Generic name: ibrutinibeye-BROO-ti-nib ]
Drug class: BTK inhibitors

Medically reviewed by Judith Stewart, BPharm. Last updated on Sep 1, 2022.

What is Imbruvica?

Imbruvica is a cancer medicine that interferes with the growth and spread of cancer cells in the body.

Imbruvica is used to treat mantle cell lymphoma in adults who have received at least one prior treatment.

Imbruvica is used to treat chronic lymphocytic leukemia (CLL)/small lymphocytic lymphoma (SLL) in adults, including those who carry a deletion in chromosome 17 (17p deletion).

Imbruvica is used to treat Waldenström’s macroglobulinemia (WM) in adults.

Imbruvica is used to treat marginal zone lymphoma (MZL) in adults who require a medicine by mouth or injection (systemic therapy) and have received a certain type of prior treatment.

Imbruvica is also used to treat chronic graft-versus-host disease (cGVHD) in adults and children 1 year of age and older after failure of 1 or more lines of systemic therapy.

It is not known if this medicine is safe and effective in children under 1 year of age.

Warnings

Imbruvica can make it easier for you to bleed. Contact your doctor or seek emergency medical attention if you have easy bruising, unusual bleeding, or any bleeding that will not stop.

Call your doctor at once if you have signs of bleeding inside your body, such as: dizziness, confusion, headache, speech problems, black or bloody stools, pink or brown urine, or coughing up blood or vomit that looks like coffee grounds.

Imbruvica also affects your immune system. You may get infections more easily, even serious or fatal infections. Tell your doctor if you have a fever, chills, cough, mouth sores, or other signs of infection.

Before taking this medicine

You should not use Imbruvica if you are allergic to ibrutinib.

To make sure Imbruvica is safe for you, tell your doctor if you have:

Using Imbruvica may increase your risk of developing other types of cancer. Ask your doctor about your specific risk.
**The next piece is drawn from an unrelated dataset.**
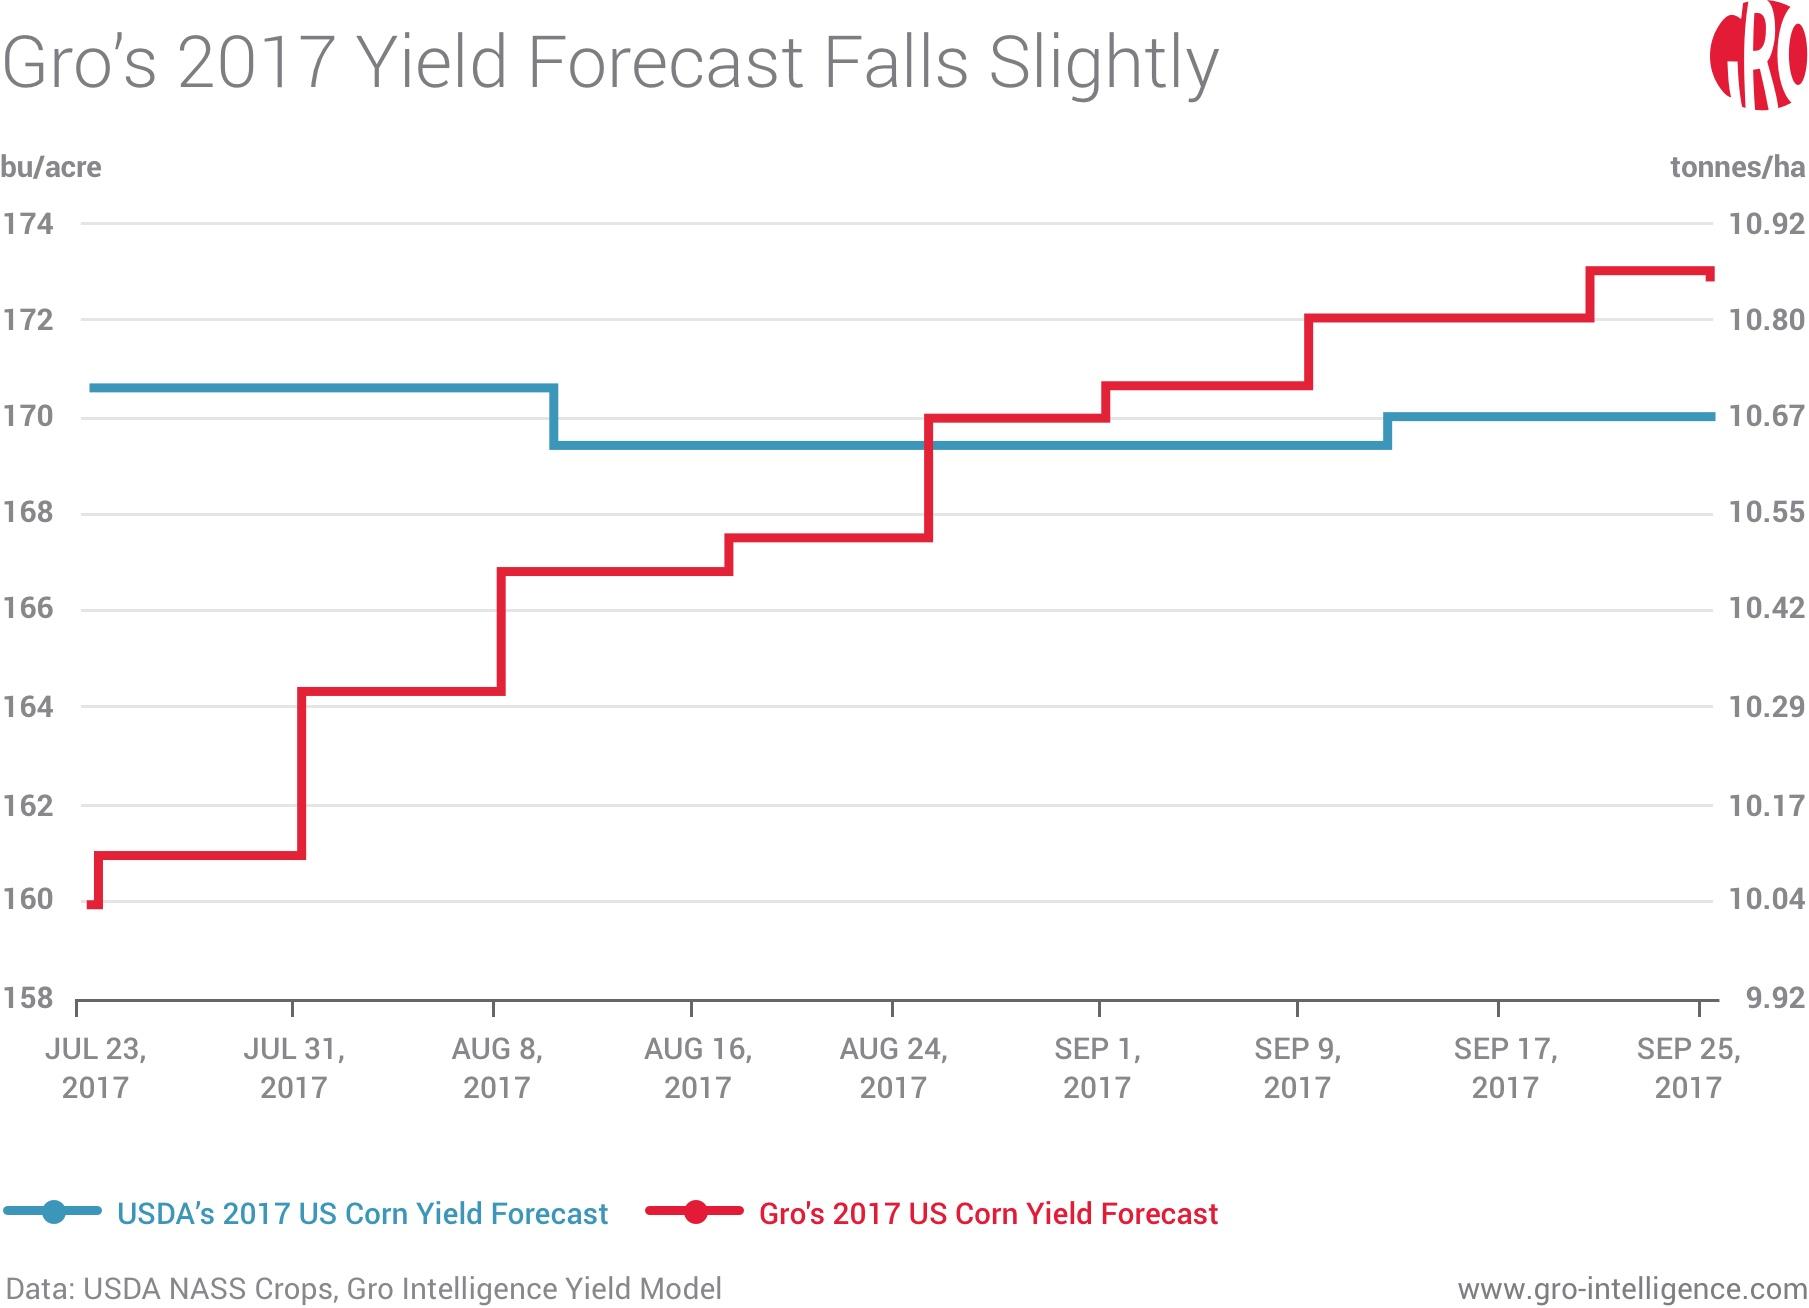 Gro's 2017 Yield Forecast Falls Slightly
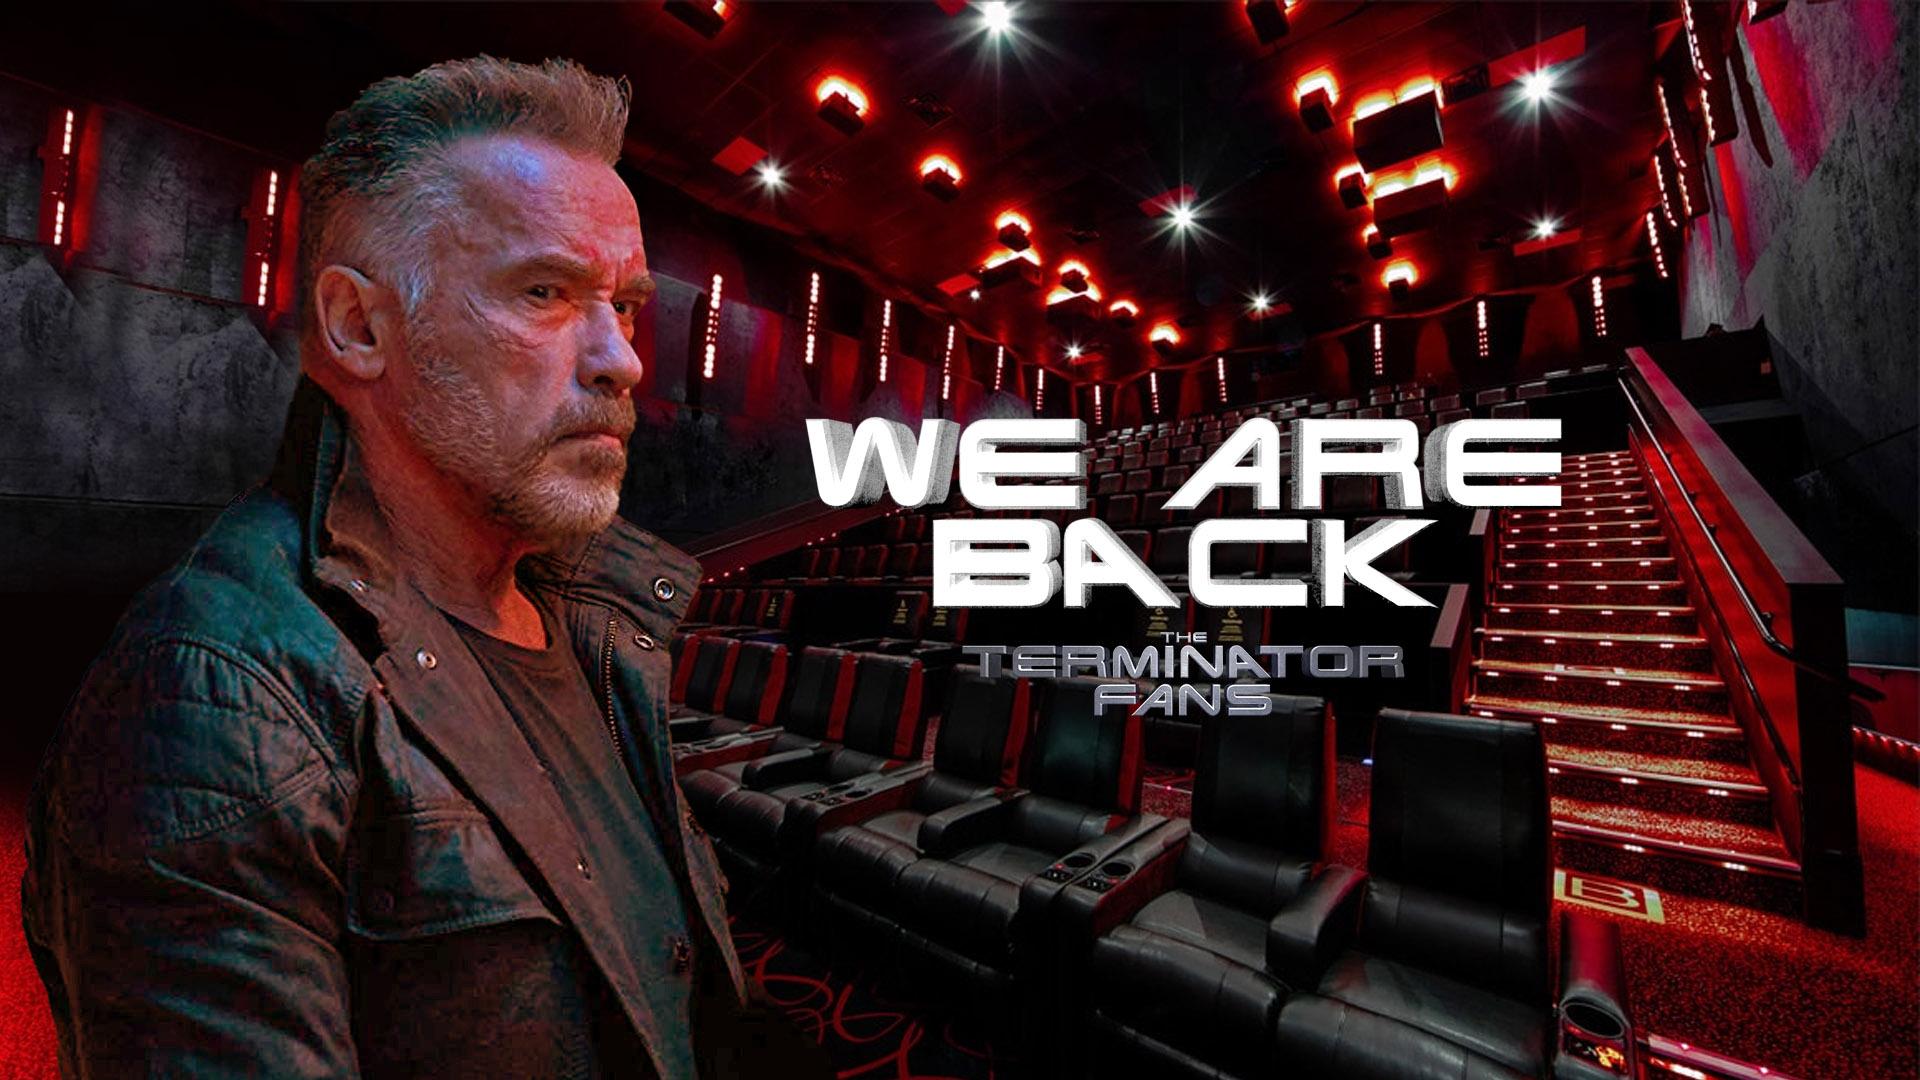 Arnold Schwarzenegger The Big Screen Is Back

Both men and women using Imbruvica should use birth control to prevent pregnancy. Ibrutinib can harm an unborn baby if the mother or father is using this medicine.

Keep using birth control for at least 1 month after your last dose. Tell your doctor right away if a pregnancy occurs while either the mother or the father is using Imbruvica .

Do not breastfeed while using this medicine, and for at least 1 week after your last dose.

How should I take Imbruvica?

Take Imbruvica exactly as prescribed by your doctor. Follow all directions on your prescription label and read all medication guides or instruction sheets. Imbruvica is usually taken until your body no longer responds to the medication.

Take Imbruvica 1 time a day at about the same time each day.

Imbruvica comes as capsules, tablets, and oral suspension.

Swallow the tablet or capsule whole and do not crush, chew, break, or open it.

Take this medicine with a full glass of water, at the same time each day. Drink plenty of liquids while you are taking Imbruvica.

The oral suspension is for use in children and must be administered using the oral dosing syringe provided. Follow the Instructions for Use leaflet that comes with the medicine for detailed information on how to measure and give each dose to your child. Ask your pharmacist if you have any questions.

If you need surgery or dental work, tell your surgeon or dentist you currently use this medicine. You may need to stop for a short time.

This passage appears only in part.